Hence, a proper monitoring and logging setup is essential to make sure things don’t break unexpectedly. In a one-liner, Monitoring or Observability is the process of watching out for the application through alerts. Logging or Logs are info of every small thing happening inside the containers (e.g. ‘namespace created’ –> ‘pod is yet to start’ –> ‘pod is running’ –> ‘pod is restarting’ etc.)

Table of Content

What is Kubernetes?
What is Kubernetes Monitoring And Why Should You Care About It?
Kubernetes Logging Architecture
System Component Logs
Cluster Logging Architecture
Types of Kubernetes Logs
What Metrics To Monitor For Monitoring?
What Options Are Available For Monitoring Kubernetes Cluster?
How to perform Kubernetes Monitoring and Logging? A Step-By-Step Guide
Features of monitoring and logging
How does Logging in Kubernetes Work?
How is Logging in Kubernetes different from Others?
Popular Kubernetes Logging Topics
Kubernetes Logging Tools
Kubectl logs and Other Useful kubectl Commands
Best Practices of Kubernetes Monitoring
Kubernetes Logging Best Practices
Conclusion
Kubernetes Monitoring and Logging – FAQs

Kubernetes is an open-source Container Orchestrator tool that helps in managing the containers in term of pods. It provides several functionalities and features around that with some monitoring features too. Kubernetes itself is a huge and complex project under CNCF (Cloud Native Computing Foundation). It facilitates in simplifying the management of complex microservice architectures in production environments.

Kubernetes monitoring or simply monitoring is a set of practices used to make sure that our Kubernetes cluster is working properly, and in-case any unusual thing happens with our cluster for example – some pods are crashing again and again, some pods are not starting, authentication errors etc. Then through some set of practices and methods we identify the cause of the issue and then troubleshoot it. For this purpose we monitor some thing called as ‘Metrics’. Metrics are basically the parameters that we monitor for our monitoring purpose. Monitoring in terms of cloud-native world is also known as ‘Observability’.

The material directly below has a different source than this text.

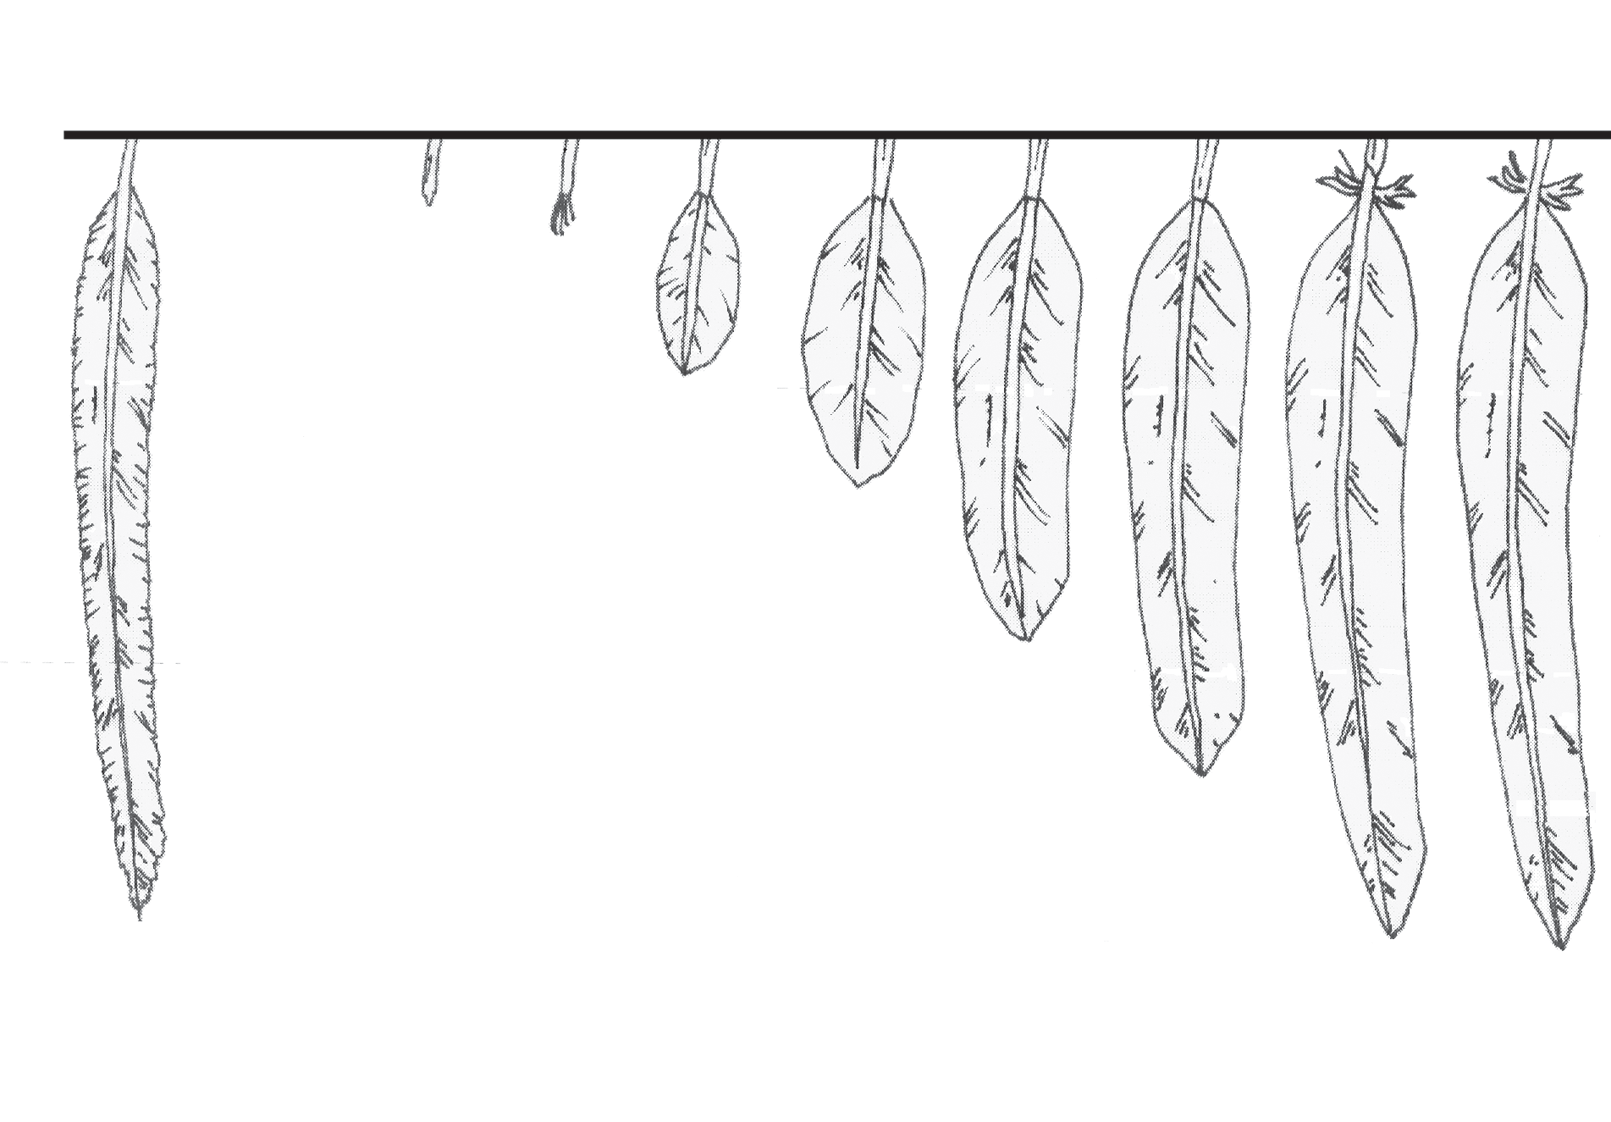 3. Cómo se mide el plumaje? 57 0 1 1 2 2 3 3 4 4 5 Vieja Nueva Fig. 3.4 Codificación utilizada para tomar datos sobre el crecimiento de las diferentes plumas: 0. Pluma todavía vieja; 1.
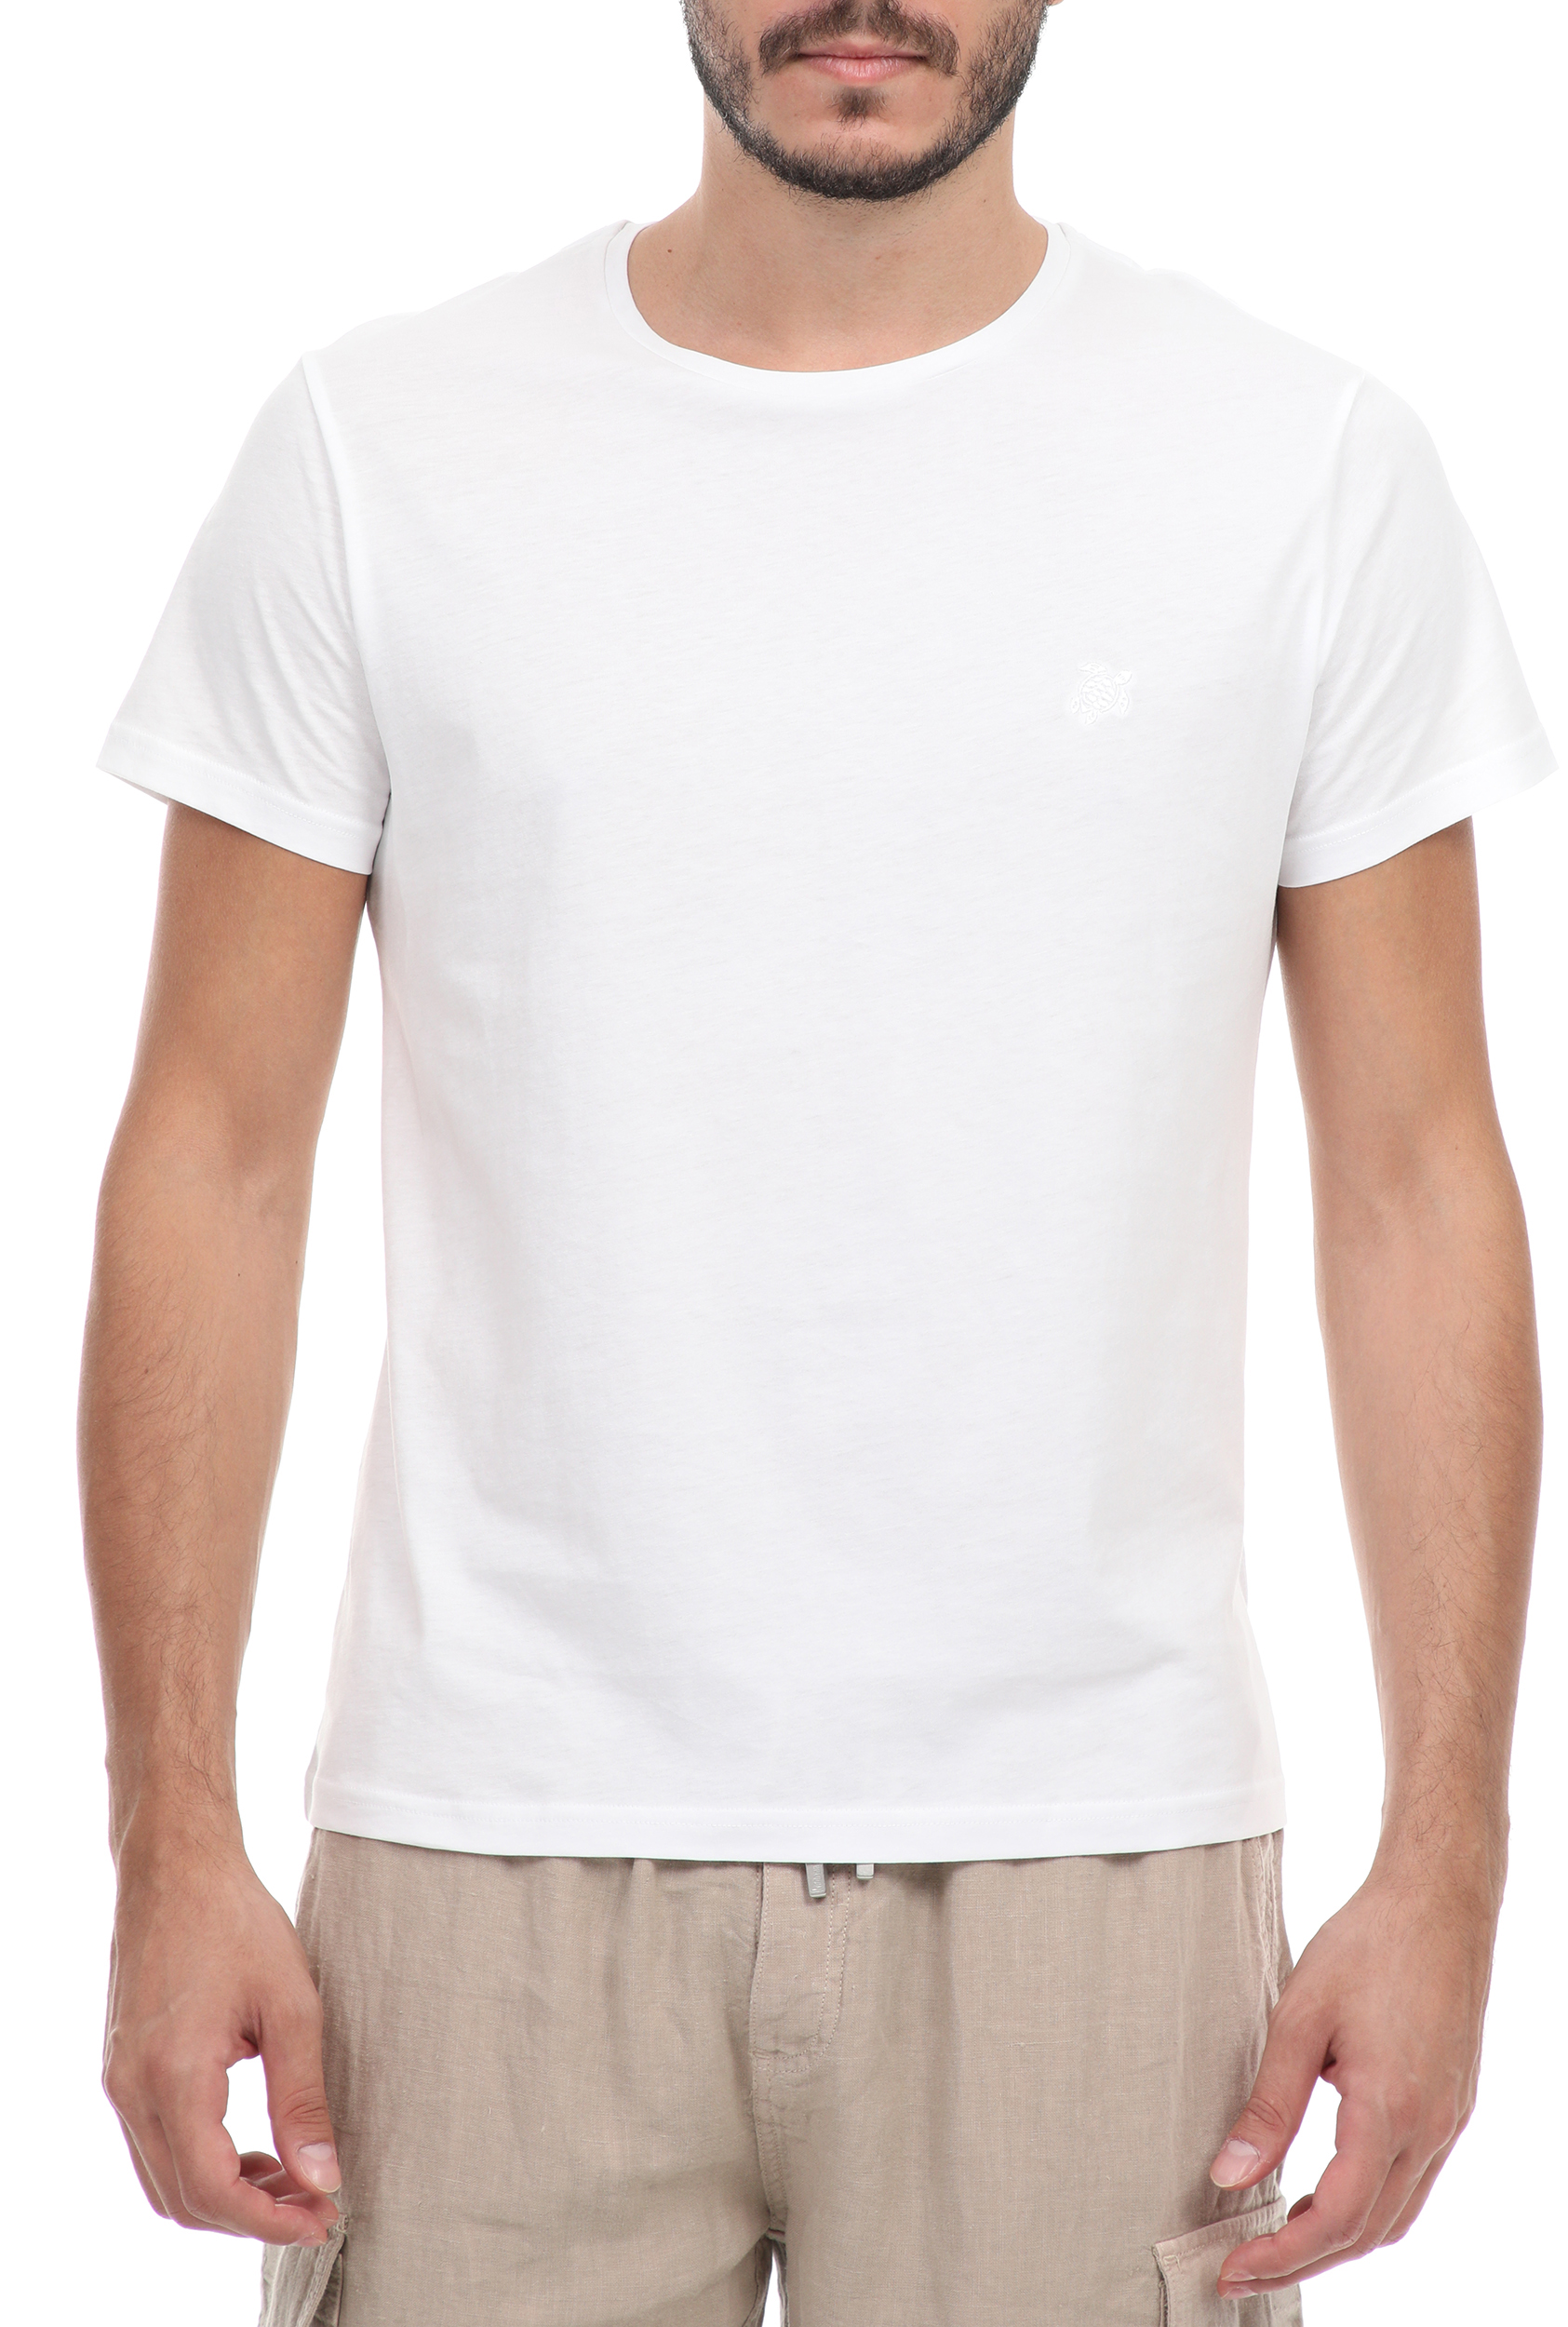 Ανδρικά/Ρούχα/Μπλούζες/Κοντομάνικες VILEBREQUIN - Ανδρικό t-shirt VILEBREQUIN TAO λευκό

Kubernetes logging architecture is the one that designed for capturing, storing, and analyzing the logs from applications and system components that are running within a cluster. It ensures that logs are accessible for debugging, monitoring, and auditing purposes. The architecture mostly involves in collecting logs from various sources, aggregating them, and storing them in a centralized system where they can be analyzed. The following are some of its key points:

Log Collection: Logs are collected from application containers, system components, and nodes.
Log Aggregation: Collected logs are aggregated to a central storage system.
Log Analysis: Centralized logs are analyzed for monitoring, debugging, and auditing.

The System component logs in Kubernetes include the logs from core components that manage the cluster. These components basically generate the logs which helps in monitoring and troubleshooting the cluster’s health and performance. The following are the some of the system component logs:

kube-apiserver Logs: It stores the logs of API requests and responses including the authentication and authorization details.
kube-scheduler Logs: This logs helps in scheduling the decisions and errors.
kube-controller-manager Logs: It facilitates with stores the action records taken by various controllers, like node and replication controllers.
kubelet Logs: Logs activities related to node management, pod lifecycle, and container runtime interactions.
kube-proxy Logs: Logs network rules and traffic details for service discovery and load balancing.
etcd Logs: Logs database operations for Kubernetes state storage.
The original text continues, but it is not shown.